The equation for the tangent line to the graph of f at x=7” is y - 0.5 = -0.5(x - 7).
Steps to solve:
Find the slope of the tangent line: The slope of the tangent line at a point is equal to the derivative of the function at that point. Since we are given that x = 7, we need to find f'(7).
Unfortunately, the graph of f is not given in the image, so we cannot directly calculate the derivative.
Use the table of values: However, the table of values provides some information about the derivative of f.
We can see that f'(5) = -2.455. We know that the graph of f has a horizontal tangent line at x = 4, which means that f'(4) = 0.
Estimate the slope: Since the graph is concave down for 0 < x < 6, we know that the derivative f'(x) is decreasing in this interval.
Therefore, we can estimate that f'(7) is somewhere between f'(5) = -2.455 and f'(4) = 0.
A reasonable estimate for the slope of the tangent line at x = 7 would be -0.5.
Find the y-intercept: The tangent line passes through the point (7, 0.5).

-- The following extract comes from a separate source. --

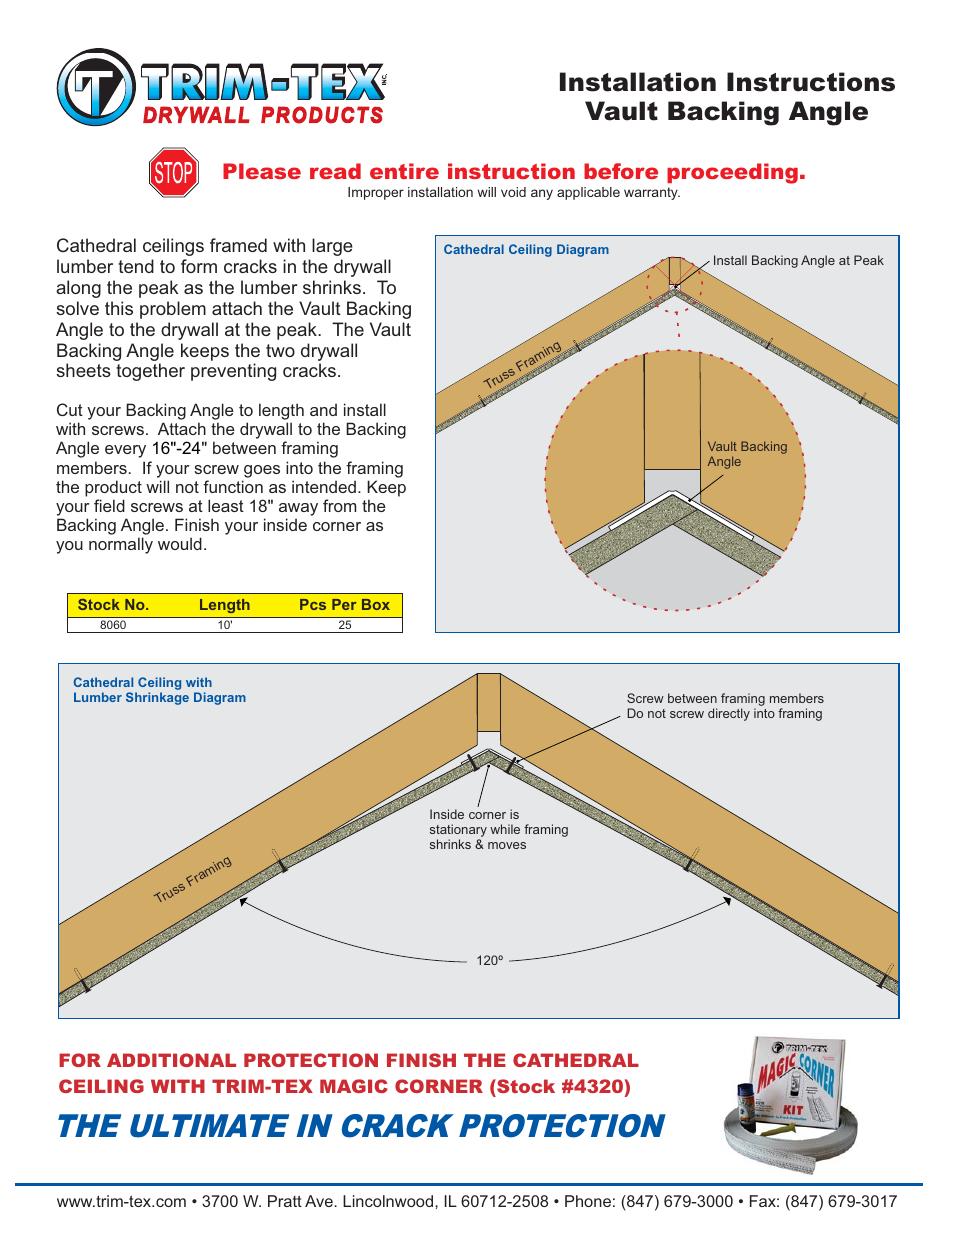 Trim-Tex Vault Backing Angle User Manual | 1 page

We can use the point-slope form of linear equations to find the equation of the tangent line:
y - y1 = m(x - x1)
where:
m is the slope of the tangent line (we estimated m to be -0.5)
(x1, y1) is the point on the tangent line (we know (x1, y1) = (7, 0.5))
Plugging these values into the equation, we get:
y - 0.5 = -0.5(x - 7)
Therefore, the equation of the tangent line to the graph of f at x = 7 is y - 0.5 = -0.5(x - 7).